Operating income for the quarter stands at $124.3m (2017: $26.7m), with a net loss of $42.0 million, driven largely by one-time transaction costs associated with the Pinnacle purchase, with its FY figure standing at $634m (2017: $445.7m).
Penn National’s adjusted EBITDAR finished at $323.9m for Q4, driven by a $113.0m contribution from the Pinnacle acquisition and growth of $11.8 million, or 5.9 per cent, in the company’s same-store portfolio of properties, for the whole of 2018 this is boosted to a fraction over the $1bn barrier (2017: $879.1m)
Timothy Wilmott, CEO of Penn National, expressed delight at the company performance “I am pleased to report that Penn National beat guidance for the fourth quarter, with improvements across the board in our principal financial metrics. These results were driven by contributions from the Pinnacle acquisition and continued growth in our same-store portfolio of properties.
“The fourth quarter marked the end of a transformational year for Penn National. With the closing of our acquisition of Pinnacle in October, we added over 10,000 new team members and 12 gaming properties to what was already the industry’s leading regional gaming portfolio.
“In addition, we obtained the approvals for our acquisition of Margaritaville in Bossier City, Louisiana in the fourth quarter, and we announced our acquisition of Greektown Casino-Hotel in Detroit, Michigan, which will expand our operating base to 42 facilities in 19 jurisdictions following receipt of all remaining customary approvals. Both transactions are expected to be immediately accretive to operating results upon closing.

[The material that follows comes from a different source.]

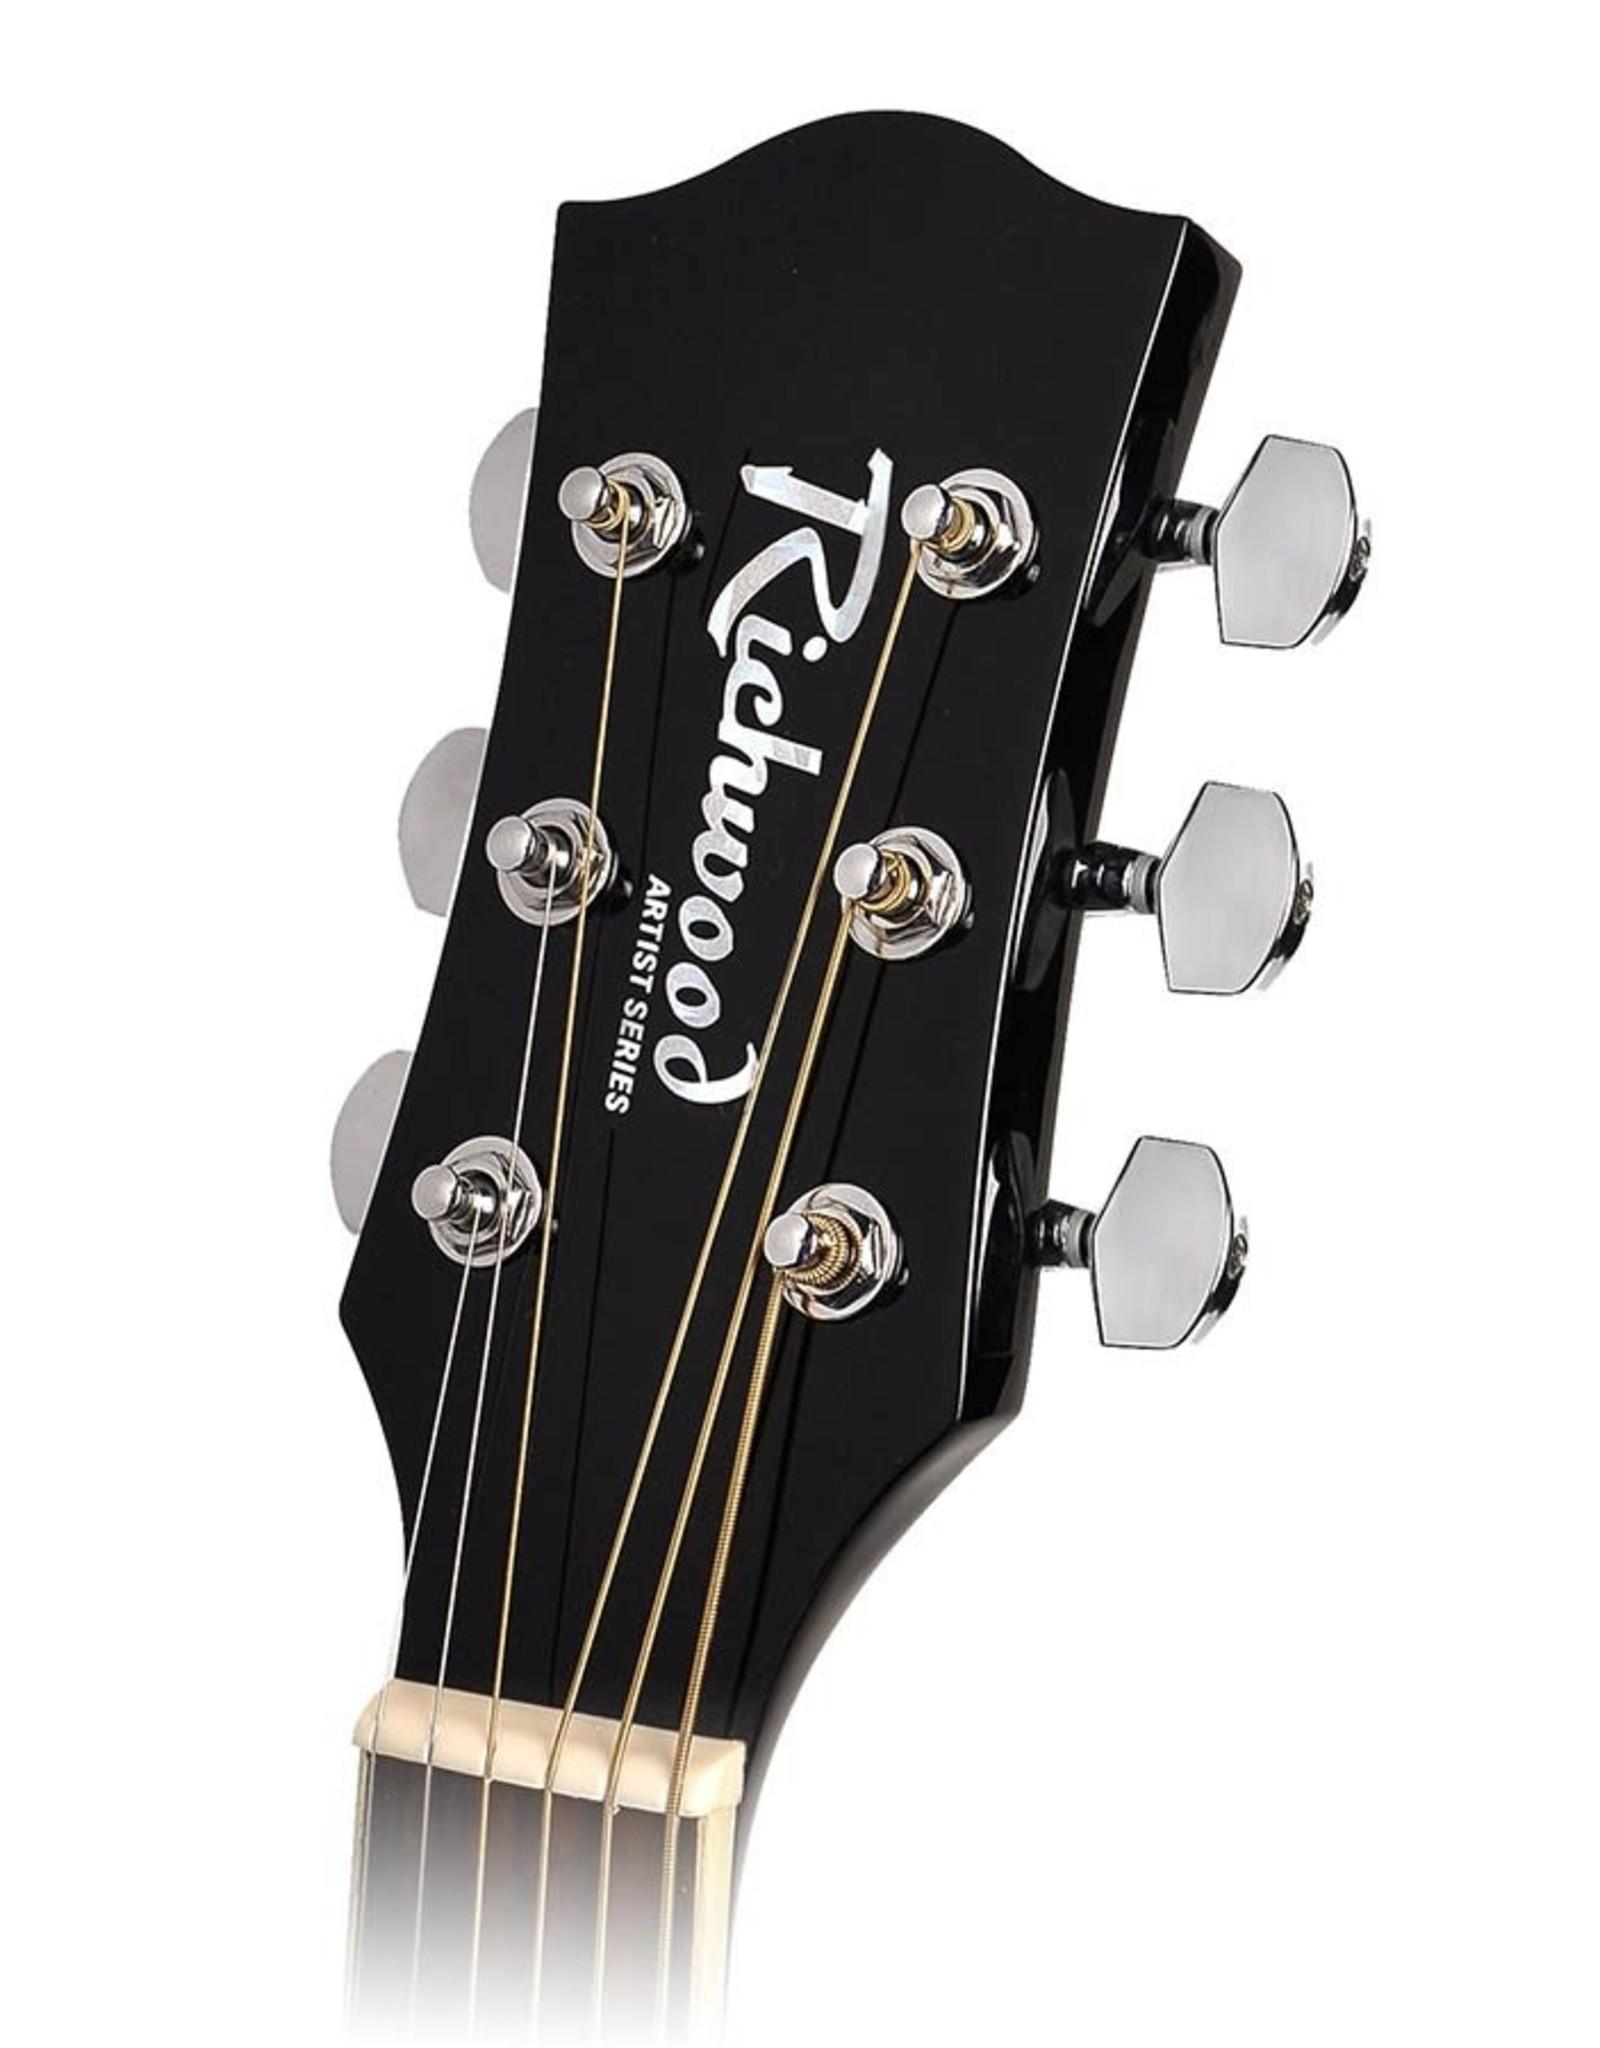 Richwood Richwood RD-12 Linkshandig Black

Before providing an update on Penn’s ongoing integration efforts concerning Pinnacle: “As anticipated, we remain well on pace to achieve our two-year, $100m run rate cost synergy target, with a run rate of $50m anticipated in 2019 and an additional $50 million expected by the end of 2020.

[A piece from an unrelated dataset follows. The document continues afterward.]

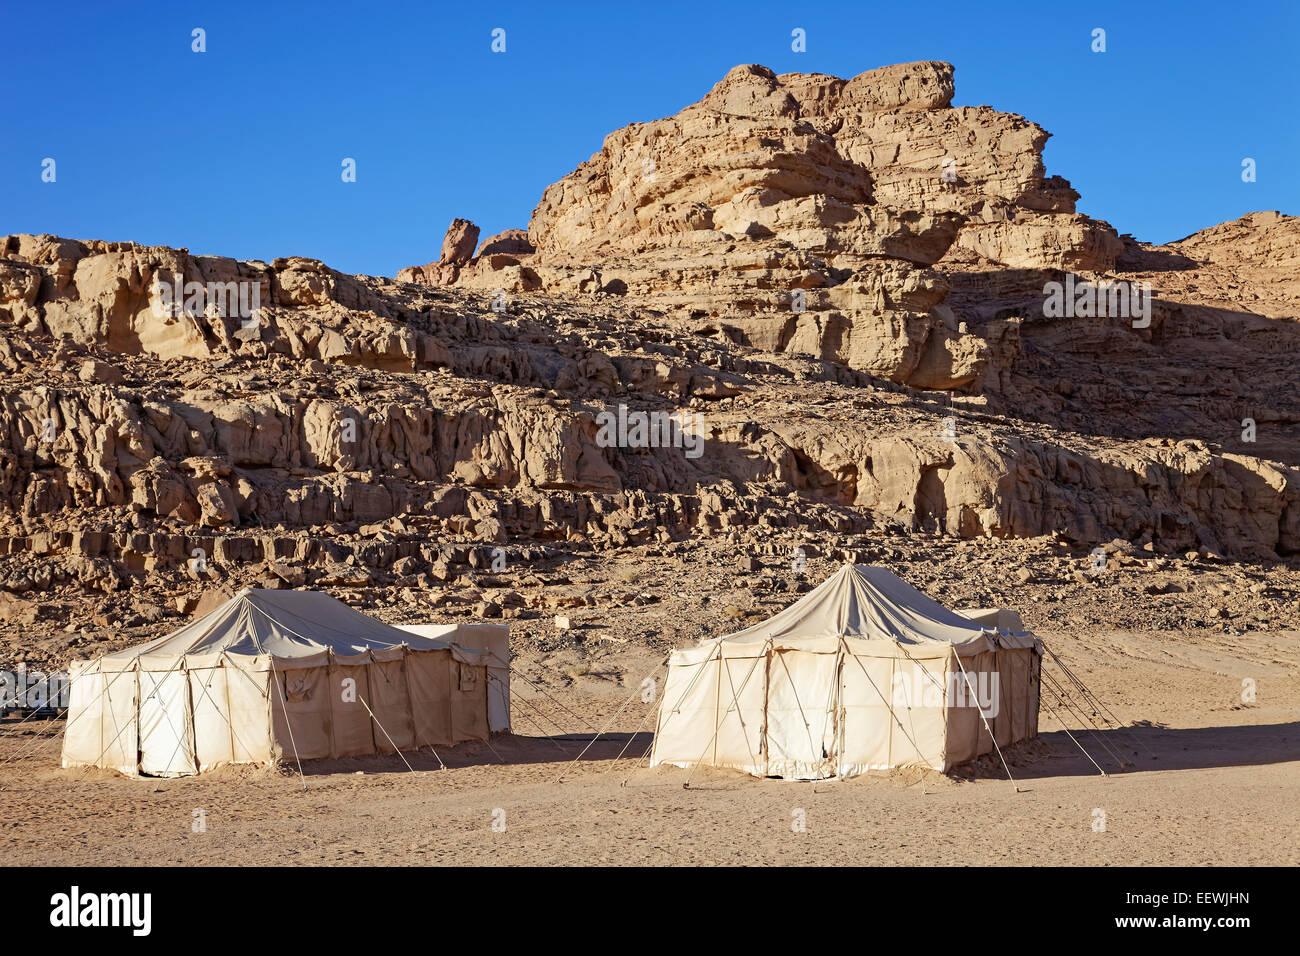 Tents, camp for tourists, rocks, Wadi Rum, Jordan - Stock Image

“We have begun to focus on revenue synergies and plan for initiatives to commence in late-2019. We currently anticipate incremental Adjusted EBITDAR associated with revenue synergies related to Pinnacle to be in the range of $15-$20m.
“The majority of those synergies should be realised in 2020 and early 2021. As noted in the tables below, Penn National incurred significant one-time transaction costs and charges in the 2018 fourth quarter. We anticipate our transition-related expenses to stabilise as we complete our integration efforts later this year.”